Conservation Plan
- Author: James Semple Kerr
- Language: English
- Genre: Heritage conservation
- Publication date: 1982
- Publication place: Australia
- Media type: Print (hardback & paperback), online
- Pages: 84 pp
- ISBN: 1-86364-026-6

= Conservation Plan =

Work by James Semple Kerr

The Conservation Plan is an important publication written by James Semple Kerr in 1982 and revised many times. It was a landmark in Australian conservation. The document "...outlines the logical processes of the Burra Charter, and how to prepare a Conservation Plan to guide and manage change to a heritage item appropriately". Subtitled "a guide to the preparation of conservation plans for places of European cultural significance", it has guided building conservation in Australia and around the world.

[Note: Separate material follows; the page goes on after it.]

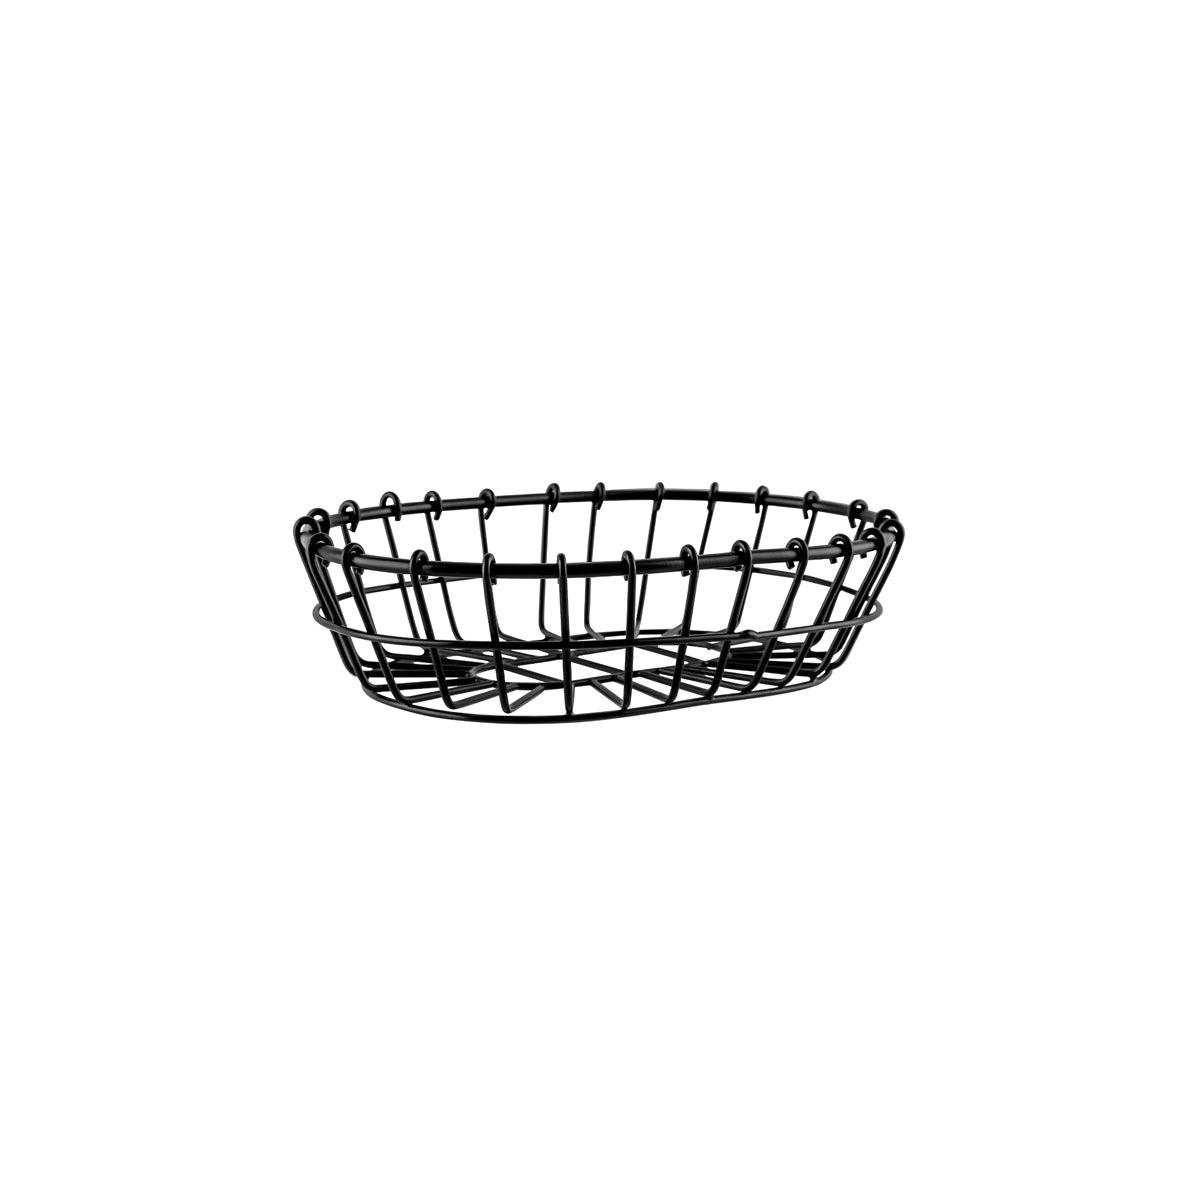 78742 Chef Inox Coney Island Patina Oval Wire Basket Black 230x155x60mm Tomkin Australia Hospitality Supplies

The Conservation Plan is widely used by heritage practitioners and property owners in Australia, and worldwide as a primary guide to the process of researching, documenting and managing historic places in accordance with the Burra Charter, through a logical process. First published by the National Trust of Australia (NSW) in 1982, it has subsequently been reprinted in expanded form over seven editions and twelve printing impressions. The concept has been adopted worldwide as a critical process for conserving heritage places, for example in the British Heritage Lottery Fund guidance note Conservation Plans for Historic Places, Wales and British Columbia.